Other than that, it’s a pretty swell job.

I worked at newspapers for about 10 years, and though I often loved what I was doing, it was rarely worth it. The robber barons who owned the newspaper companies were making money hand over fist, while the writers and editors and photographers generally had a standard of living just higher than dumpster divers.

I remember when I graduated from college and I began to call around to see what sort of bountiful opportunities awaited a bright, ambitious young graduate just itching to make his mark on the world. My first offer was from a weekly newspaper in north Georgia, which offered me a whopping salary of $10,000, which doesn’t sound like a lot of money now. It didn’t sound like a lot of money in 1986, either. Cause it wasn’t.

I took a job at my hometown paper for (slightly) more money than that, and commenced to newspapering. The glamour of the job didn’t last long. I think it went away my second week, when I had to cover a Rotary Club meeting. The speaker was a guy showing us slides from his recent trip to Amish country (they don’t drive cars!). We opened the meeting by singing God Bless America and The Old Grey Mare, She Ain’t What She Used To Be, led by a woman who looked like Lillian Carter on an out-of-tune piano. I had arrived.

Later I became sports editor. That was a special day. The editor of the paper came to my desk one Monday morning and said “Don’t you like sports?” I said yes. He said, “You’re the new sports editor.” It was the only conversation we ever had. He bumped my salary up $15 bucks a week, which, if you divided it by the number of hours I actually worked, came to about .00004 more cents per hour.

I moved on to another paper as sports editor after that and stayed there for four years, during which time I covered a LOT of exciting events. I once reported on a girls’ basketball game with a final score of 70-4, and the game wasn’t as close as the score indicated. I like girls, and I like basketball, but I really didn’t like girls’ basketball.

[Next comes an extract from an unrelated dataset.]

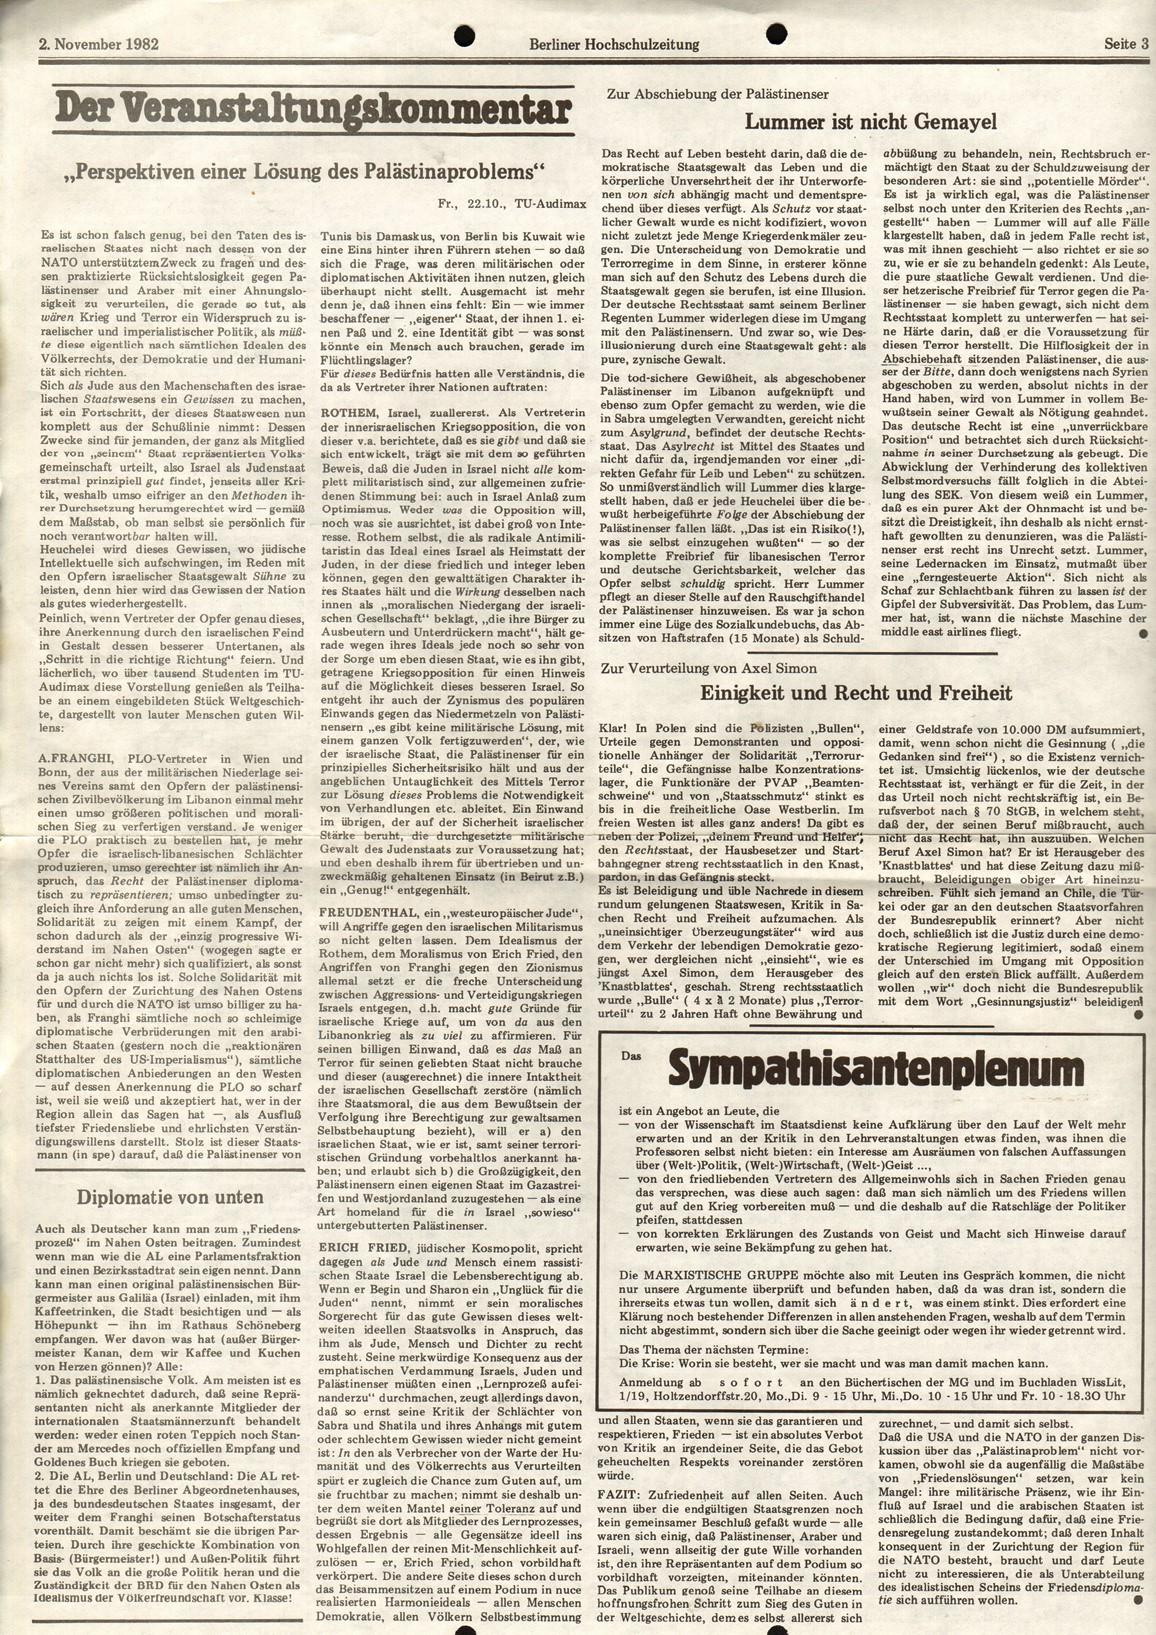 Berlin_MG_Hochschulzeitung_19821102_03

I left that job for a news editing job back in my hometown, which was the worst career decision I ever made. The place was an absolute madhouse, overseen by this little bantam rooster of a publisher who liked to tell you that he had done, during his career, every job at that newspaper. To which I would always say under my breath, “And none of them well.”

I inherited a group of reporters working for me there who shouldn’t have been hired to write grocery lists, let alone newspaper stories. They had the collective vocabulary of an Atlanta cab driver and the ambition of a mollusk.

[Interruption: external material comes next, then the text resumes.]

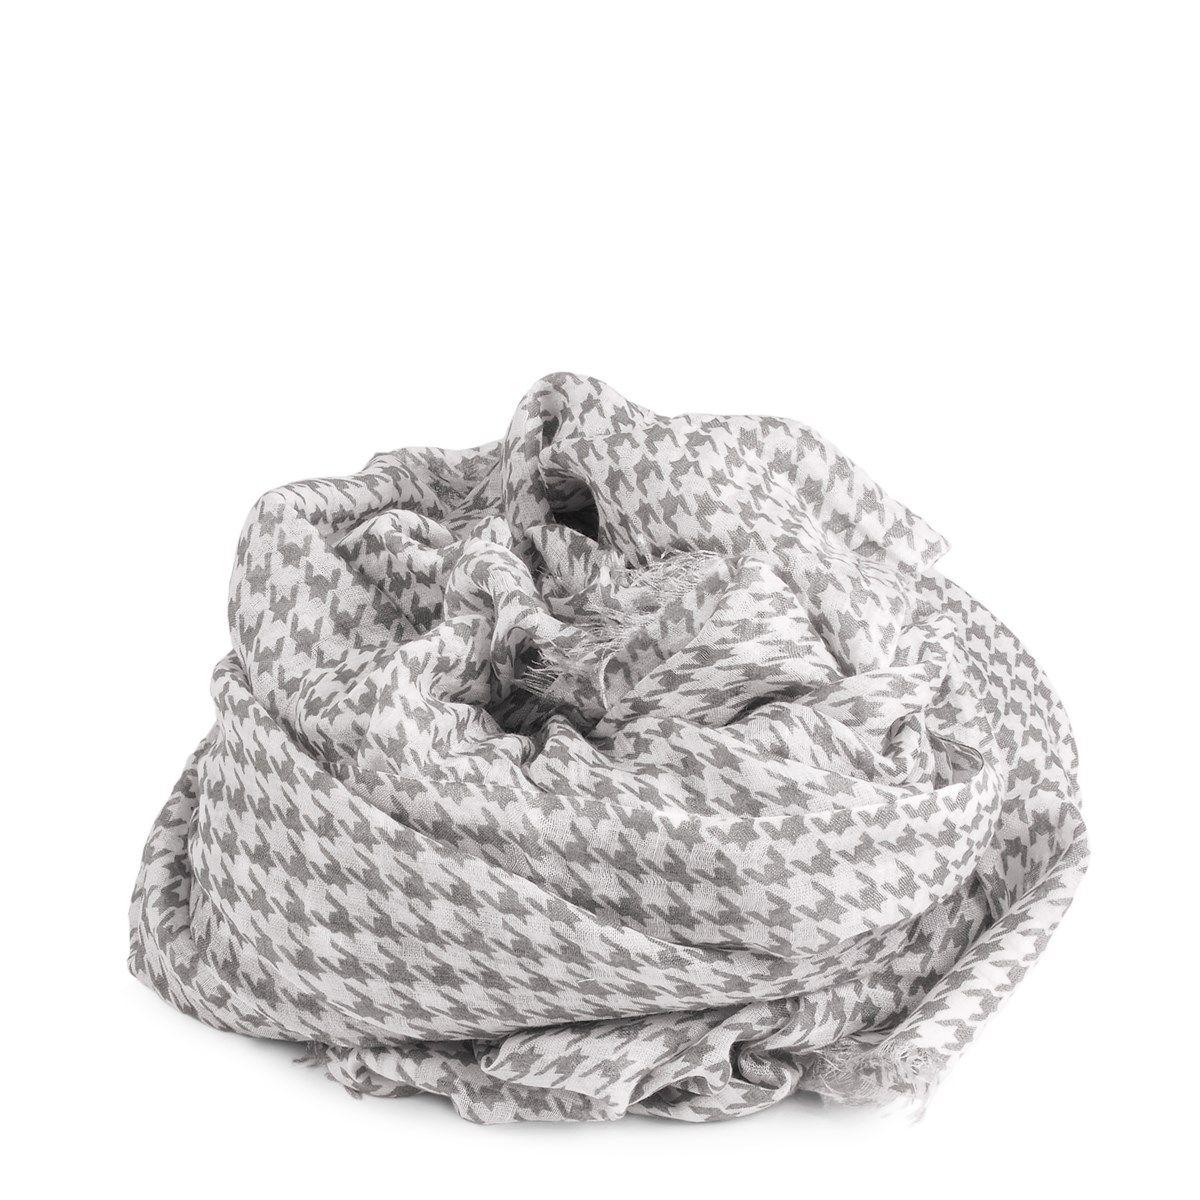 Foulard en soie et coton motif pied de poule coloré

Once during a story meeting with them I said, “You know, you guys aren’t exactly Woodward and Bernstein.” There was not a glimmer of recognition on any of their faces. So I said, “Do you know who I’m talking about?” Nothing. “Anybody heard of Watergate?” They had not. I fired them all on the spot. Then somebody reminded me that I didn’t have the authority to fire anybody. So I asked if I could shoot them, and was again turned down. They are probably all still out there today, infecting the world with stupidity.

Small papers have been hit the hardest and are going under, and quite frankly, for the most part they deserve it. I still have some friends in the business, and God bless them, but I could never go back. I have a recurring nightmare where I’m working again at a newspaper, and I’m sitting at the same shabby desk, looking at the same moldy walls, and the bantam rooster is strutting around barking out orders. It’s worse than the “going to work in my underwear” dream.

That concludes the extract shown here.